> What is expected
Please tell how many of the lines below contain "Canon", using only a number.

Stored records
----

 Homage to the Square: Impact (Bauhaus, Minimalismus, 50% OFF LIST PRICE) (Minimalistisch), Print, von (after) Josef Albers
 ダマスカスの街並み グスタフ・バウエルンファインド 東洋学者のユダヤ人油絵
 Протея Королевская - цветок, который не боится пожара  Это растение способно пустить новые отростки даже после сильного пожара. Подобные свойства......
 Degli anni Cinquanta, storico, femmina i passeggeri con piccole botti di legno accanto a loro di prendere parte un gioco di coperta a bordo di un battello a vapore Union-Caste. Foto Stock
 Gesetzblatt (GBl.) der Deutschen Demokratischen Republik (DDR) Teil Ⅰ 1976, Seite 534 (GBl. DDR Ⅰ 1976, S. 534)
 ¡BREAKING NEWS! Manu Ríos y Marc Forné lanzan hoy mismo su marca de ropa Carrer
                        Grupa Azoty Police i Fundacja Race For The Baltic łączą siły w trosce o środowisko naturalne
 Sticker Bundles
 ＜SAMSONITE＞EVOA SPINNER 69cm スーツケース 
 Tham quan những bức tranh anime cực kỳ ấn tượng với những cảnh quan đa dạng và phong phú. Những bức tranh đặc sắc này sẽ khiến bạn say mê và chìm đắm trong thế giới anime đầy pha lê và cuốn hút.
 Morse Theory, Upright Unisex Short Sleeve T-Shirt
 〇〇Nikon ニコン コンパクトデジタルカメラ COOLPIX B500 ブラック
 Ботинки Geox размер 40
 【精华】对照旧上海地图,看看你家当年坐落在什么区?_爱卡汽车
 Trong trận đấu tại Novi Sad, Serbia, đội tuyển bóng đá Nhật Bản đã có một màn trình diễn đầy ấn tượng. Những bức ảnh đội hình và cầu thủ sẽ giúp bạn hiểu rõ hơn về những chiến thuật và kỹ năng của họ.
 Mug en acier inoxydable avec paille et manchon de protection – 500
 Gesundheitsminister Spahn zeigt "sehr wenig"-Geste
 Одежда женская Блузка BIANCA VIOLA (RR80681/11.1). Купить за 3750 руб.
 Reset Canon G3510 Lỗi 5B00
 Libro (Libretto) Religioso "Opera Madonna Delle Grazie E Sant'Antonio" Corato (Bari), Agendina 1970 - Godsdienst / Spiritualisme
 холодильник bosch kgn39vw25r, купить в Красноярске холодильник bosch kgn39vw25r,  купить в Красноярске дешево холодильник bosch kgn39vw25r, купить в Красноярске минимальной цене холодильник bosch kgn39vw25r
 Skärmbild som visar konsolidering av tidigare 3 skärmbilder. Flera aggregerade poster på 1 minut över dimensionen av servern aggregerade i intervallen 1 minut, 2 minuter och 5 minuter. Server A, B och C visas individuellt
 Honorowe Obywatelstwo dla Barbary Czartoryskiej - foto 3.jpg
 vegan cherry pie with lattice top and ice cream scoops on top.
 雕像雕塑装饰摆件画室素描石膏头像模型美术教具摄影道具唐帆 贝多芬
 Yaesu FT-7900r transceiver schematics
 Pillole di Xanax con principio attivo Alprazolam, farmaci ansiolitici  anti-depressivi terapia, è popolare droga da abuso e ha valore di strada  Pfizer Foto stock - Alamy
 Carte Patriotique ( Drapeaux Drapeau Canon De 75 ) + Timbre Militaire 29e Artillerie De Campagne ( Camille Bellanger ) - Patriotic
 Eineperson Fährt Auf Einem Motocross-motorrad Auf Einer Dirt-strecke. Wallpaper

----

> Finished exercise
2